Während der 117 Jahre ihres Bestehens gaben sie in zehn verschiedenen Sälen ihre Konzerte, bis sie schließlich 1892 in die neu eröffnete Carnegie Hall einzogen, die heute noch ihr künstlerisches Heim ist. Im Jahre 1961 werden sie in die neue Konzerthalle des Lincoln Centers übersiedeln.

Die New-Yorker Philharmoniker sind heute wohl der beste und präziseste Klangkörper Amerikas. Diese Weltgeltung kam nicht von ungefähr, sondern ist das Ergebnis der nimmermüden Arbeit von Generationen berühmter Komponisten und Dirigenten. Richard Strauss, Felix Weingartner, Gustav Mahler, Igor Strawinsky und Ottorino Respighi dirigierten die Aufführungen eigener Werke durch das Orchester. Darius Milhaud, Virgil Thomson, Heitor Villa-Lobos leiteten es als Vertreter der zeitgenössischen Musik. Stokowski, Furtwängler, Toscanini und Bruno Walter zählten zu seinen großen Erziehern, während Clemens Krauß, Otto Klemperer, Artur Rodzinski, John Barbirolli, Charles Munch, Eugene Ormandy und viele andere wiederholt an seiner Spitze standen. Dimitri Mitropoulos war sieben Jahre lang sein ständiger Dirigent und hat das Orchester wiederholt auf Weltreisen von Triumph zu Triumpji geführt. Aus seinen .Eländen über- nahm das verantwortungsvolle Amt Leonard Bernstein in der Saison 195 8/59.

Das Orchester sparte nicht mit seinem Dank an die Großen der Musik.

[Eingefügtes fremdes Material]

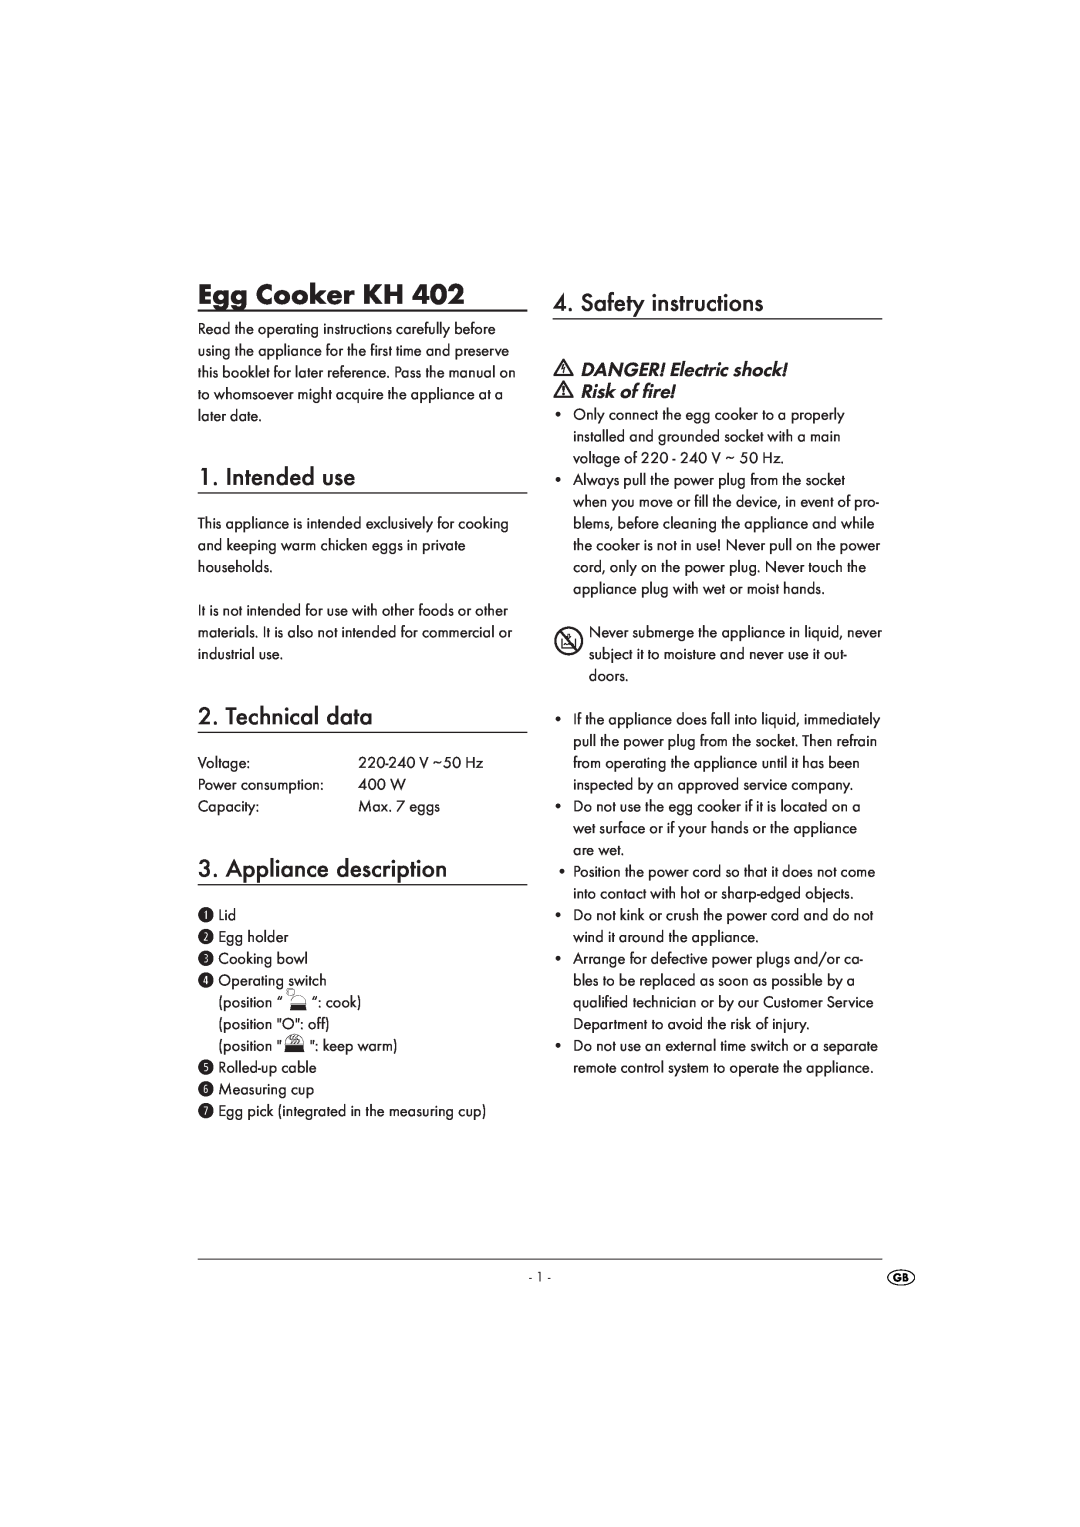 Kompernass KH402 manual Intended use, Technical data, Appliance description, Safety instructions, Egg Cooker KH 
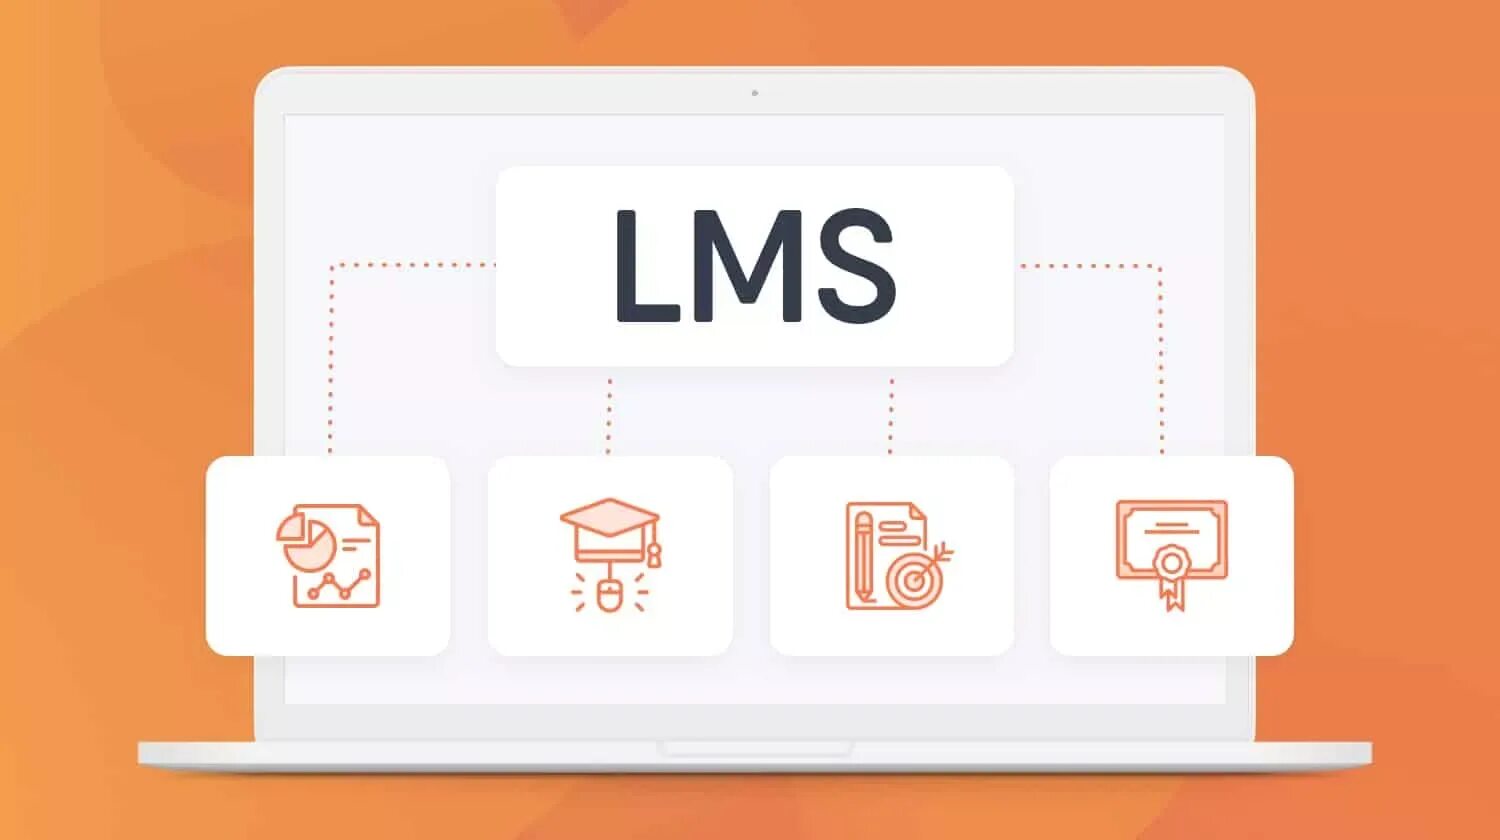 S lms ru. LMS система. LMS картинки. LMS система управления обучением. ЛМС.

Die Ehrenmitglieder, die es aus diesem Grund aufgenommen hat, sind zahlreich. Zu diesen zählen Spohr, Wagner, Mendelssohn, Liszt, Raff, Rubinstein und Dvorak, aber auch große Sängerinnen, wie Jenny Lind, Henriette Sontag und Marietta Alboni.

Lange, ehe die Vereinten Nationen ihr Hauptquartier in New York errichteten, besaß die Stadt in ihrem Philharmonischen Orchester eine Art Vereinte Nationen. Das berühmte Ensemble besteht zu mehr als einem Drittel aus Musikern, die nicht in den USA geboren wurden. Sie kommen aus allen Teilen Europas und nehmen bald die Lebensweise ihrer amerikanischen Kollegen an. Seit seiner Gründung hat das Orchester nicht nur Musikgeschichte erlebt, sondern, wie zahlreiche Dokumente beweisen, auch gemacht.